Directions for this task: Extract, in full, the lines below, beginning at the first and ending with the line that contains "Pettersson 28 Pittsburgh". Pictures do not belong in the copy.

Data:
****************************************
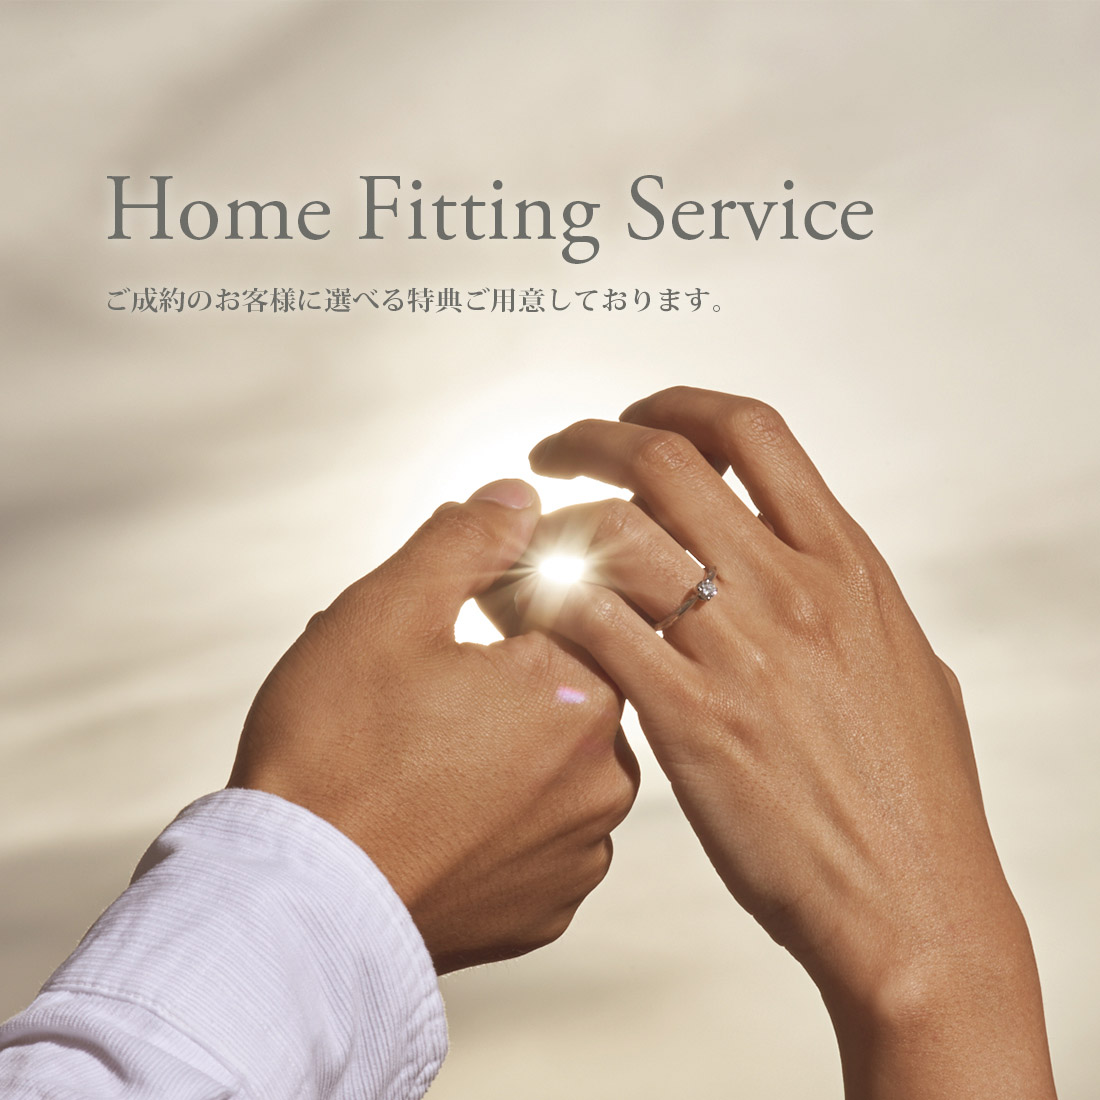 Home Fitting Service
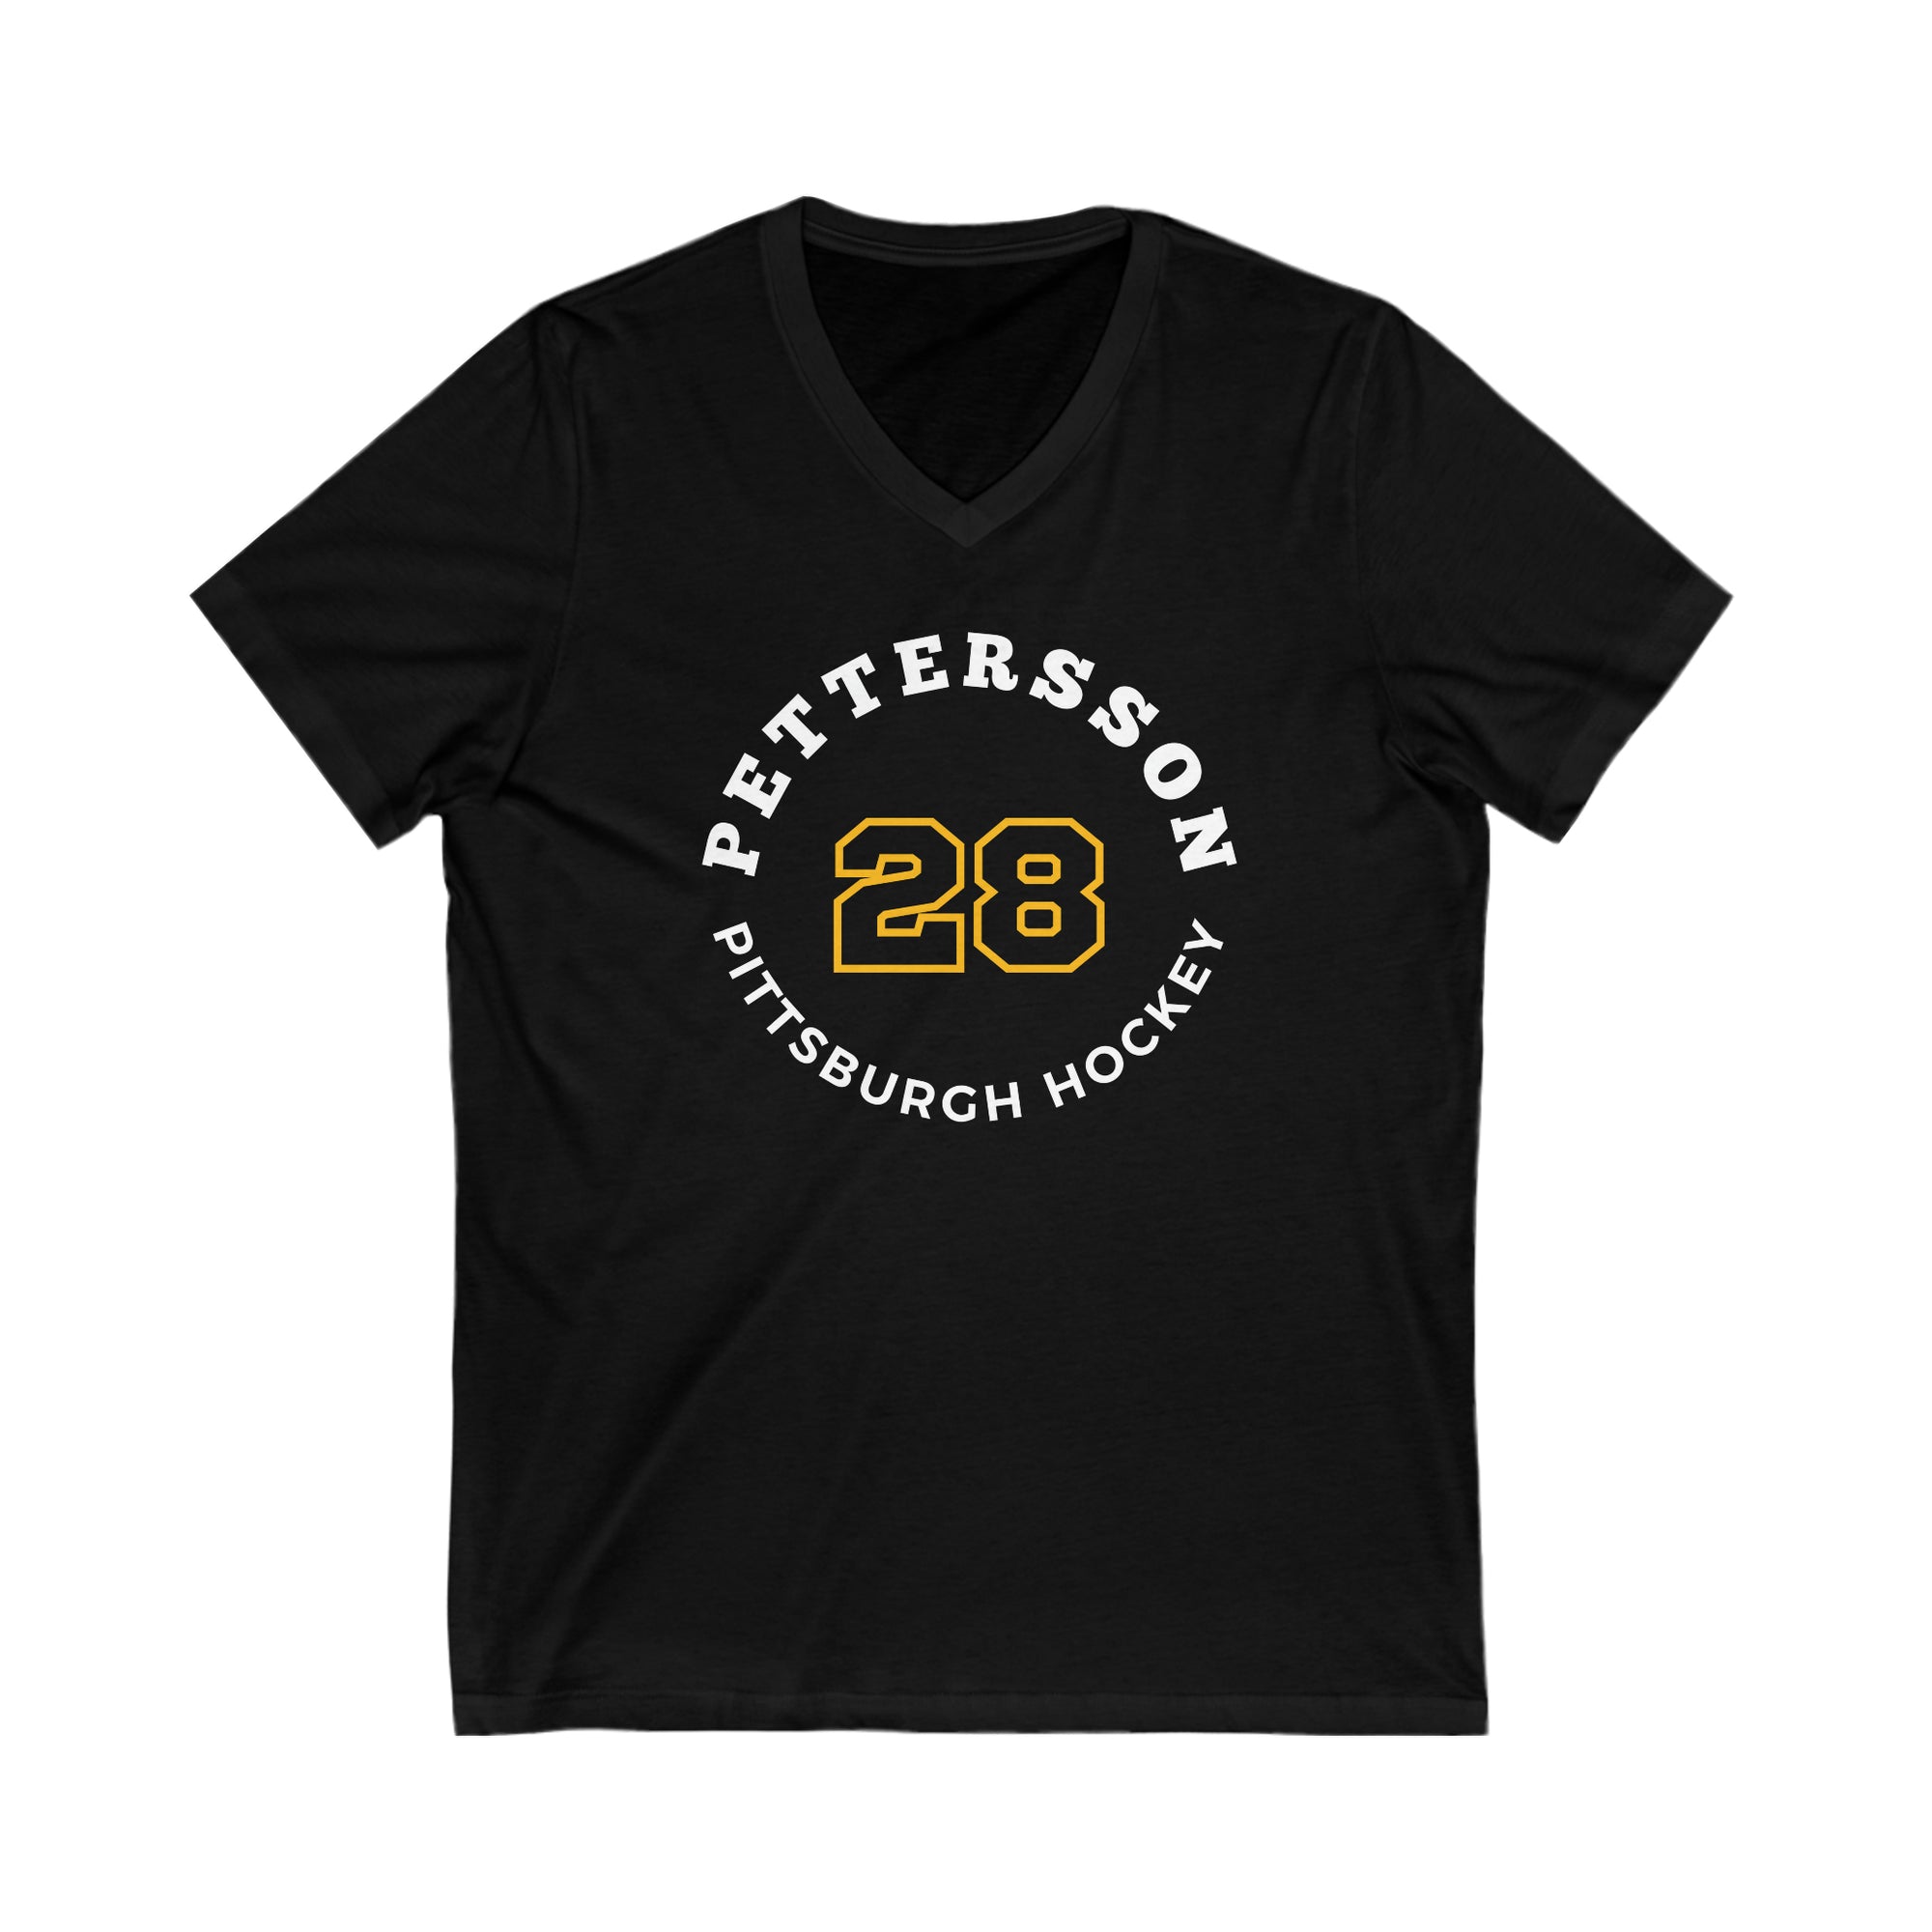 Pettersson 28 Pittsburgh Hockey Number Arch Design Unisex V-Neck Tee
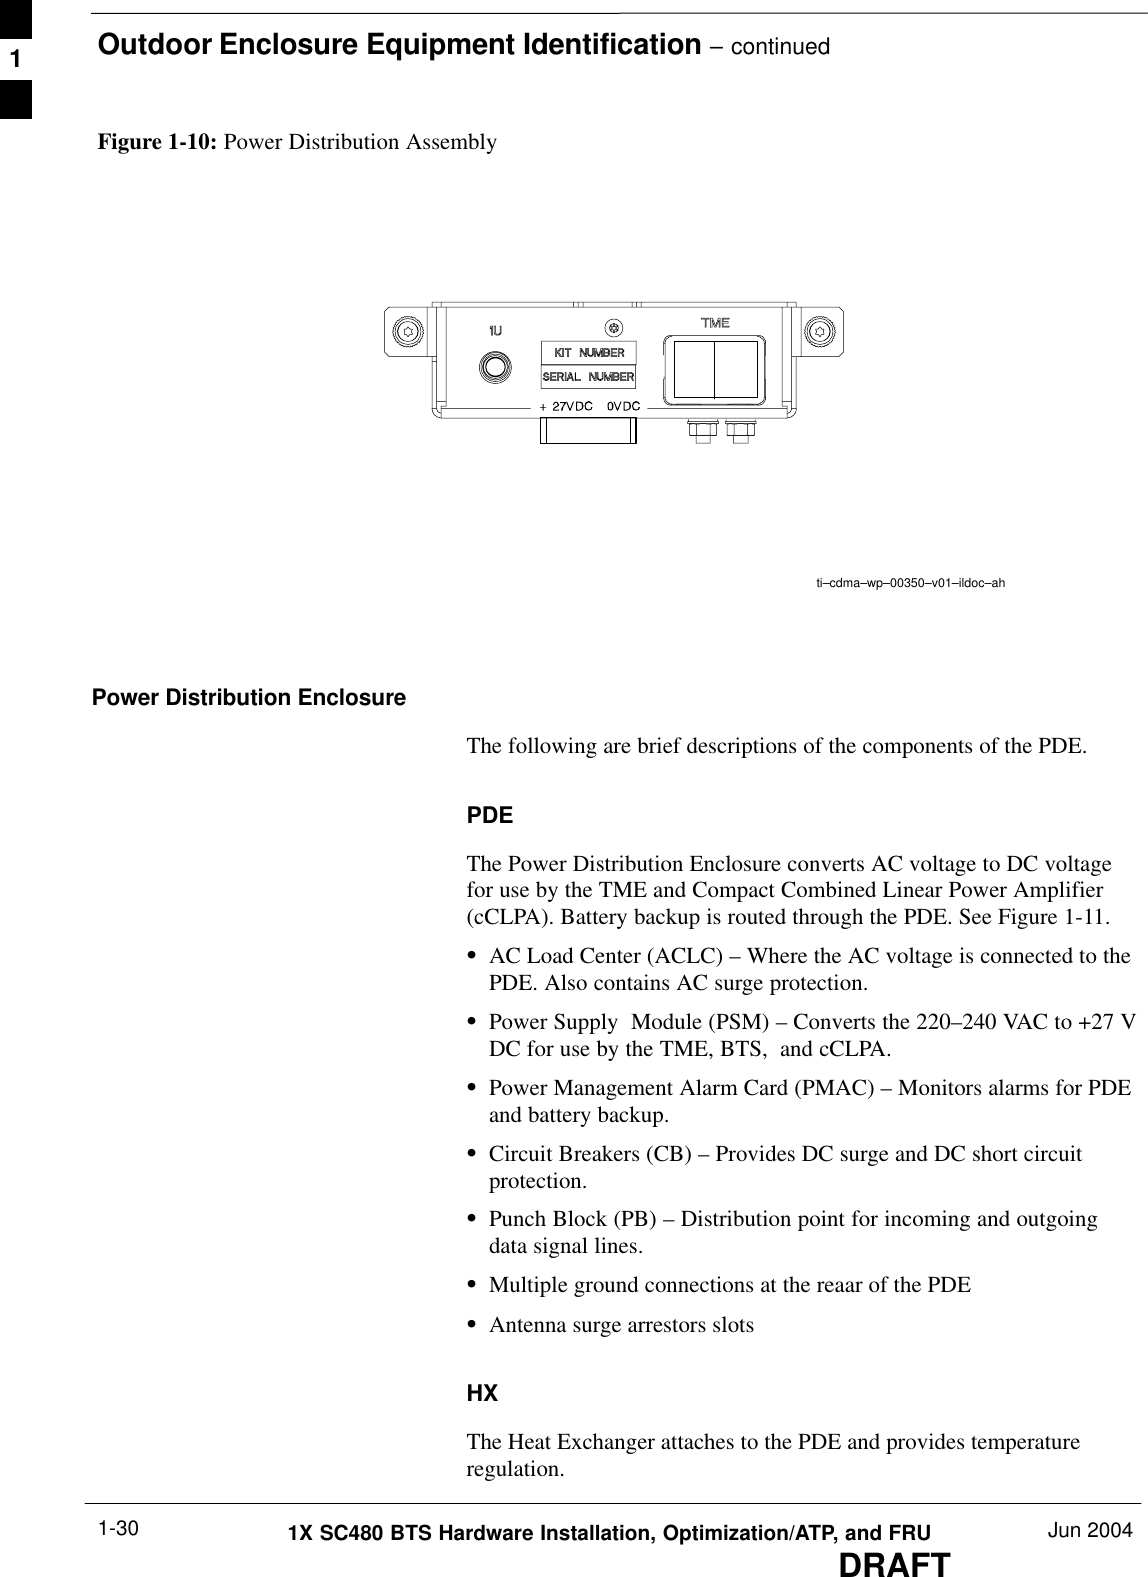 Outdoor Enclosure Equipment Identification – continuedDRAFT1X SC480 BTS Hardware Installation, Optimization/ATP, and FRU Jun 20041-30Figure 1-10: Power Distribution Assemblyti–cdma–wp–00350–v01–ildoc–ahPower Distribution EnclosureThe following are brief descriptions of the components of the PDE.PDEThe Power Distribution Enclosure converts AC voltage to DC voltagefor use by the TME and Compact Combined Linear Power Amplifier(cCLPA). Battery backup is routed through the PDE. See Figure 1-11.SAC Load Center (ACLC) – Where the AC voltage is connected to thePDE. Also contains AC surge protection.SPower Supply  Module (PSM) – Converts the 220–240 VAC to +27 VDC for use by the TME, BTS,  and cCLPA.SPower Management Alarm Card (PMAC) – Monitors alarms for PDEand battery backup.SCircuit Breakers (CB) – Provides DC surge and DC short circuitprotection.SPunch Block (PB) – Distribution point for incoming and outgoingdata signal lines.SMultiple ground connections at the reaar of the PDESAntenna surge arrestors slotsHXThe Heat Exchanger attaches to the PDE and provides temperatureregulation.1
****************************************
Exercise response:
 Home Fitting Service
 Pettersson 28 Pittsburgh Hockey Number Arch Design Unisex V-Neck Tee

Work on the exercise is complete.